Let's say you run a restaurant, and you are finding yourself squeezed by a penny-pinching public and increased costs of doing business. The obvious answer is to stop catering to cheapos and start bringing in the sort of free-spending crowd that gets into caviar fights and sets fire to fifties and hundreds just to see which will burn faster. But how to go from a fambly-friendly eatery to the sort of upscale place where fancy foodies will drop their platinums? Here are some easy tips to jacking up your prices:
1) Get rid of the "$" sign and decimal places on your menu. A price of "$15.99" will not do for a chicken sandwich--the customer will go elsewhere, like Dennys, where he might get respect and be allowed to keep his John Deere cap on while he dines! But a price of "16" in fancy script? You better believe Fancypants McGillicuddy will happy throw down his company card for the glorified McChicken.
2) Use the word "artisinal" liberally on your menu. Fun fact--no one actually knows what "artisinal" means! Foodies somehow think that some artistic specialist is out there actually mixing the curds for "artisinal cheese" when you clearly just unwrapped some cheddar from Whole Foods.
3) Why serve "beer" when you can serve "craft" beer? I'd gladly pay an extra couple bucks a glass for "craft brewed"! It already sounds tastier!

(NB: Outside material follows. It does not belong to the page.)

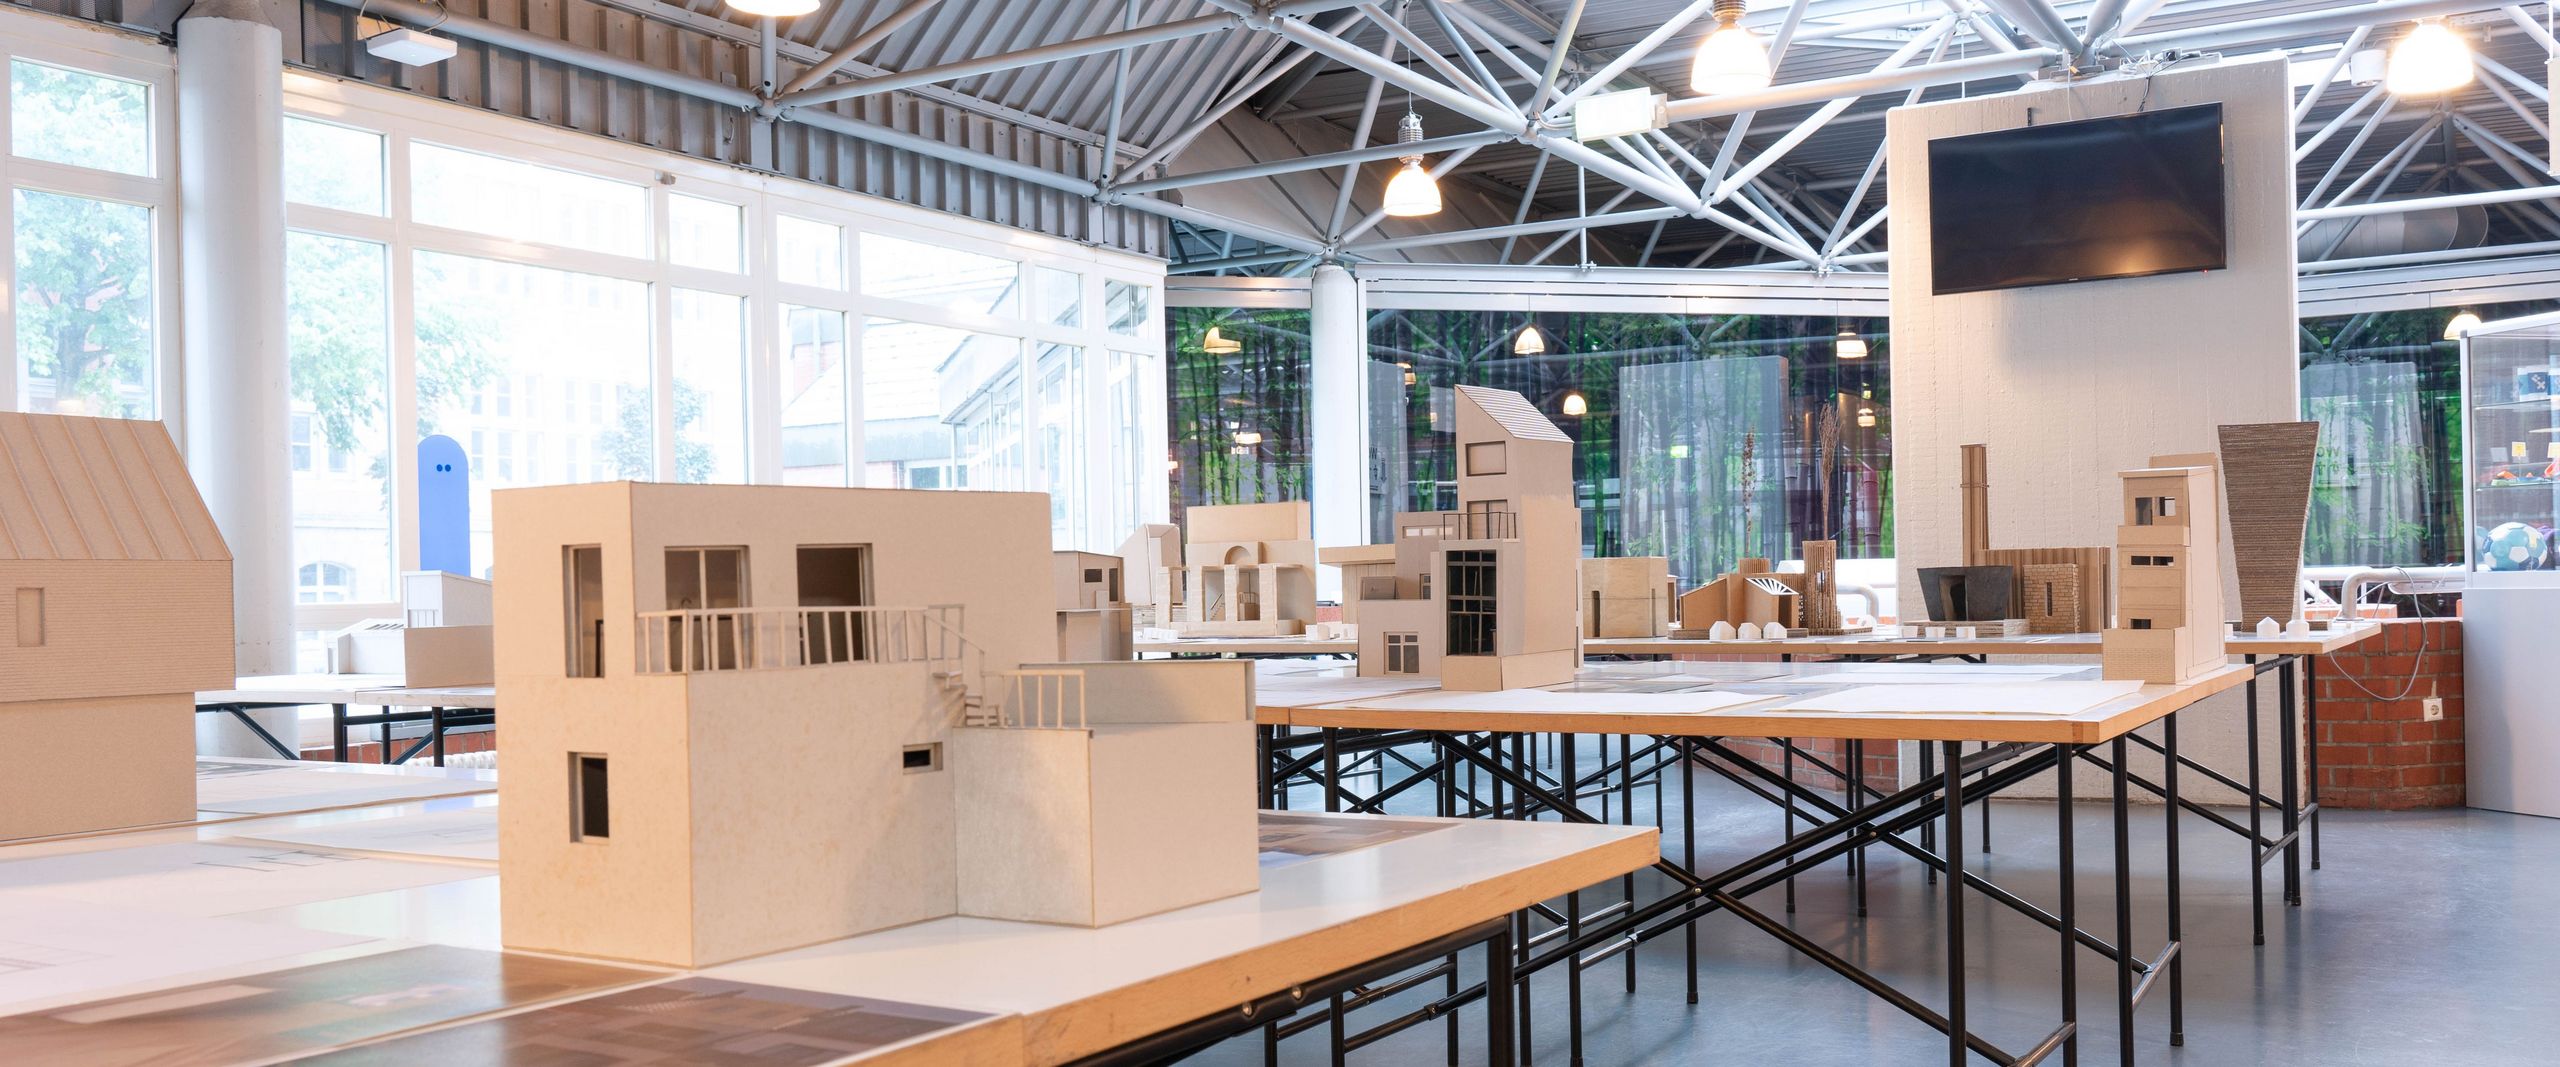 Blick auf eine Ausstellung mit Architekturmodellen auf Tischen

Even though there's no special standard to make a beer "craft" brewed.
4) This also works with "aged", even though even letting something sit for five minutes can make it "aged", going by a strict definition of the term. "Aged beef", "aged cheese", hell even "aged chocolate" is going to upscale your menu! This doesn't work with "aged vegetables" though.
5) Change up your round plates for square plates. I can't tell you how many times I've said "Twenty bucks for McNuggets? They better come out on a square plate, that's for damn sure!"
6) If possible, make the food stand up vertically on the plate. The more vertical, the more pricey!
7) You want to really class it up? Cut your appetizers in half, and call them "tastes". You know who doesn't offer "tastes"? Cracker Barrel, that's who!
8) Make sure the silverware is extra heavy. I don't know why this equates to higher priced dining, but it somehow does.
9) Whatever you do, make sure the restaurant website is more of a discoteque experience than a helpful way to find the location, menu, and phone number of the place. Use plenty of flash animation and pulsing music. Fancy diners want a bit of a show before they call to make a reservation.